July 2, 2025 | Read Time: 1 minute


EarthEnable, in nonprofit in Rwanda, installs sealed earthen floors, an affordable alternative to dirt floors, which contribute to the spread of respiratory and parasitic diseases.

Around the world, more than 1.6 billion people live in homes with dirt floors, which can lead to significant health issues, including respiratory and parasitic diseases. Concrete floors, the most common alternative, are too expensive for many families.
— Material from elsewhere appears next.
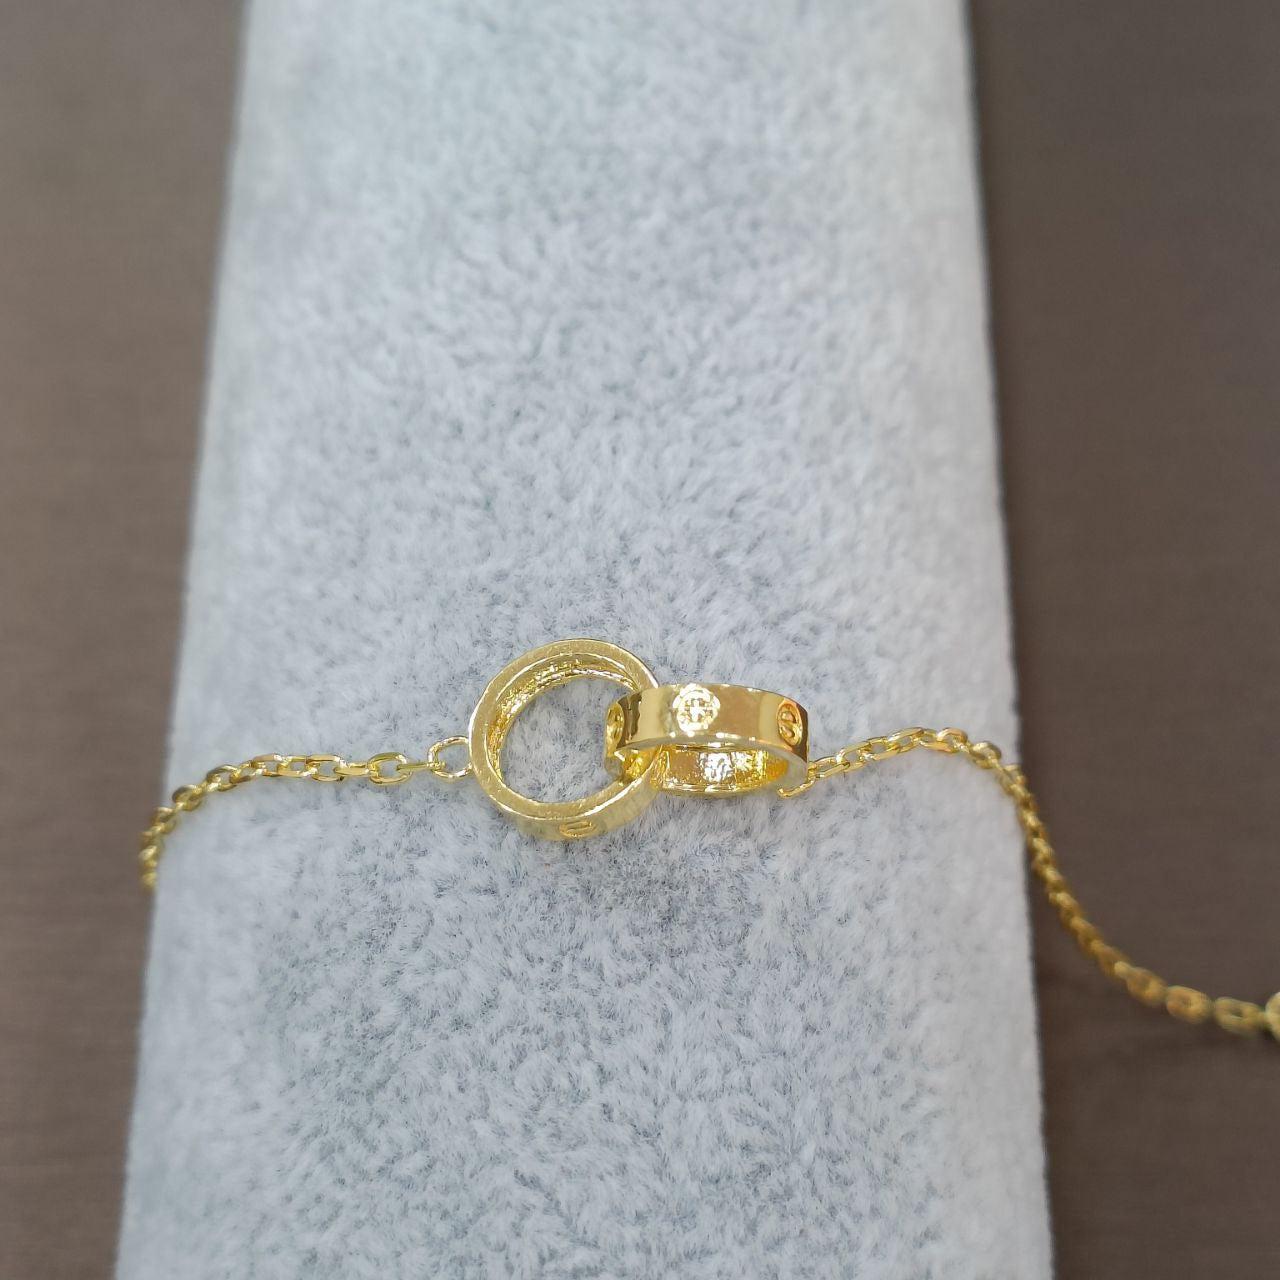 22k / 916 Gold C Design Bracelet-Bracelets-Best Gold Shop

EarthEnable, a nonprofit in Nyamata, Rwanda, works with local entrepreneurs and masons to develop and install sealed earthen floors, which make for more healthy and sanitary living conditions. They’re also more affordable and emit 96 percent less carbon than concrete floors. To date, more than 200,000 people in Rwanda, Kenya, and Uganda have benefited from the group’s innovative approach to flooring.

The organization, which won a $2 million Skoll Award for Social Innovation, has expanded its operations to include paint, plaster, and home construction. It has set an ambitious goal of helping to meet the housing needs of 700,000 people by 2027.

“Our model is easily scalable and rooted in community, working closely with locally trained masons — all people need to get started is earth,” says Gayatri Datar, co-founder and CEO. “At EarthEnable, we are building a future where safe, sustainable, and beautiful housing is within everyone’s reach.”

Alex Wanda, left, construction officer of EarthEnable, is helped by his colleague to prepare the ground for a clay-based earthen floor by EarthEnable on May 17, 2025, in Jinja, Uganda. (AP Photo/Hajarah Nalwadda)

Hajarah Nalwadda, AP
Workers prepare the ground for a sealed earthen floor in Jinja, Uganda.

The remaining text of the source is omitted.